Theresa is sitting inside a smoke-filled room at the Willow House today with two fellow ex-tweakers, Randy and Robert. The three are here to share a graphic, cautionary tale. Just 20 feet behind the coffee house is a meeting hall, where their 12-step recovery program — which they prefer remains unnamed so they’re not seen as speaking for the group as a whole — gathers weekly.
The stories pour with the coffee.
As an escort, Theresa says, she once “double-fisted a guy” while high on meth.
She worked in a dominatrix’s dungeon, and allowed her clients to hang her upside down with her arms tied behind her back until she passed out. Then they had their way with her.
She liked to smoke meth — or sometimes “slam” it (intravenously) — while a trick “fucked me from behind,” she says.
And when she wasn’t “working,” she still needed sex — from her boyfriends, girlfriends, and from herself.
“I would masturbate for eight hours straight,” she says. “I remember once that the dildo I was using got so hot, I had to wear an oven mitt.”
But such occasions were rare. There was almost always someone willing to pay for the pleasure.
“I’ve had sex with over 2,000 men, at least. I can’t say exactly how many,” she says. “And most of them were unprotected.”
Unlike other narcotics — namely cocaine, universally regarded as the sex drug of the 1970s and ’80s — crystal meth makes women just as horny as men. It turns them into raging sexaholics, just like their male counterparts — gay and straight — looking to live out the most deviant of their sexual fantasies.
“Our data shows there’s almost a negative reaction to sex among women using cocaine. But with meth, it’s very powerful and positive,” Rawson says.
Theresa was lucky. She caught herpes, and a bad case of crabs once. But she’s never tested positive for gonorrhea, syphilis or HIV.
She’s been pregnant, though — a lot — but never had kids. Theresa ended up having 12 abortions, and doubts she could ever get pregnant again.
Officials at Planned Parenthood of Central and Northern Arizona estimate that the number of abortions had by meth users has quadrupled in recent years.
“We get these women coming to us for an abortion who can barely get through their appointments because they need to hit the pipe,” says Joseph Feldman, Planned Parenthood’s director of counseling and education.
And one state employee who works closely with Child Protective Services calls meth a fertility drug. “Meth moms are having baby after baby after baby,” she says. (See “Ice, Ice, Baby” for more details about meth moms.)
“The meth moms trade sex for drugs, and contraception and prenatal care are not always the highest priority,” says the state employee. “There’s a bit of a baby boom among women using meth.”
As reports of HIV infections increase in Maricopa County, local health officials say widespread meth use is to blame. The meth problem in the Valley’s gay community, where most of Arizona’s HIV-positive cases have been reported, has been pervasive for years.
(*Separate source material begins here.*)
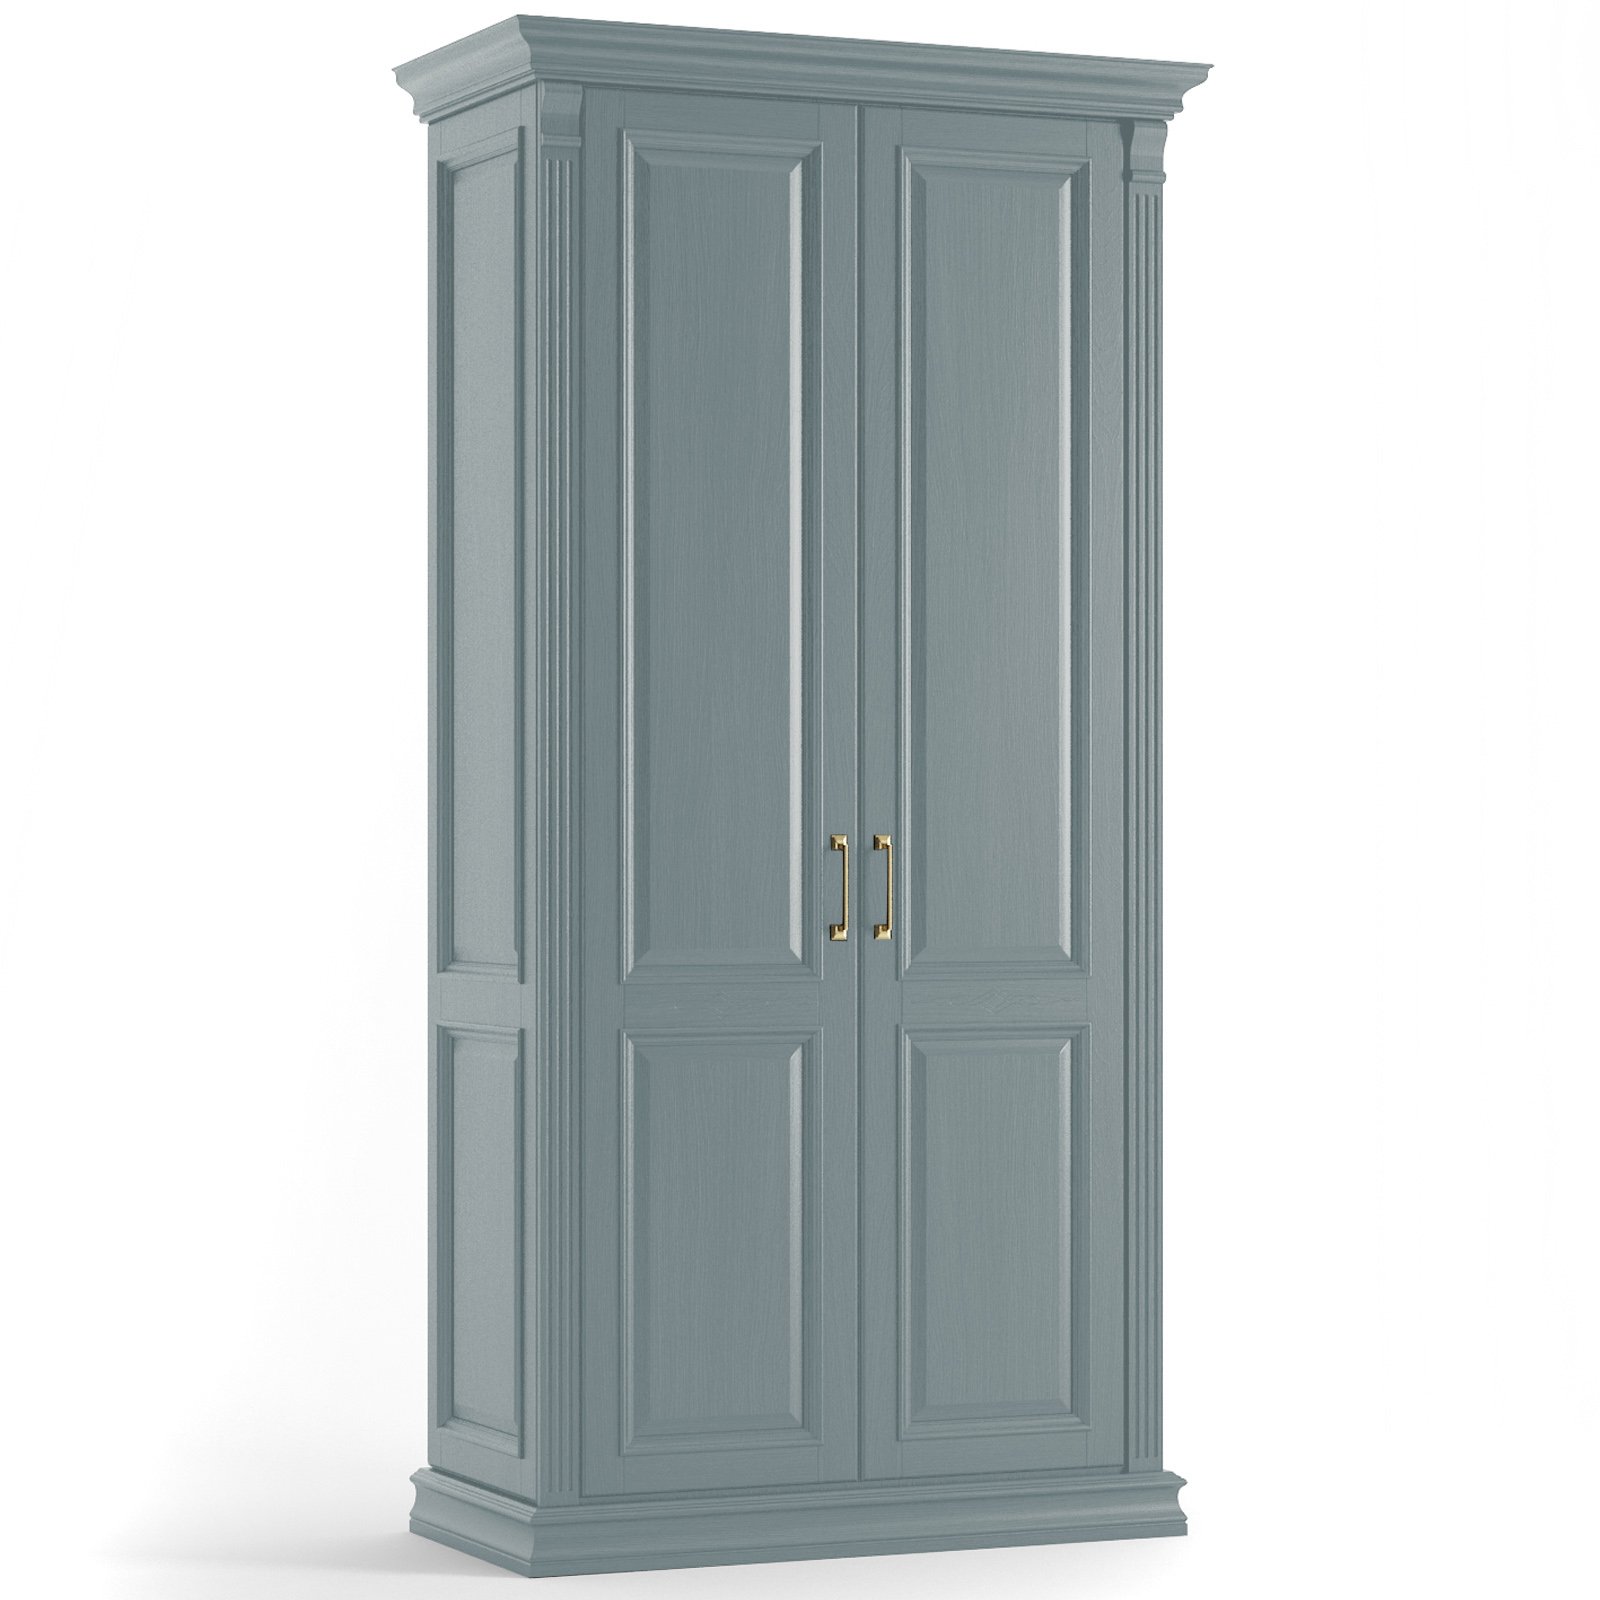 Шкаф платяной SDK Home Rimar двухдверный, цвет: лагуна (RM.P02.102х64.U.L)RM.P02.102х64.U.L

Yet even with more than 40 percent of local HIV patients reporting that they are also meth users — significant because tweakers are much less likely to use protection, HIV-positive or not — there’s been no significant public health campaign in Maricopa County warning of the dangers of having sex while tweaking.
There certainly hasn’t been an effort like that made in other major metropolitan cities like New York, Chicago, Boston, or San Francisco, where city leaders and nonprofit agencies are pre-emptively targeting gay men before they use meth for the first time. The Stop AIDS Project credits a series of public health awareness campaigns coordinated in part by the agency for a nearly 50 percent drop in meth use among gay and bisexual men in San Francisco.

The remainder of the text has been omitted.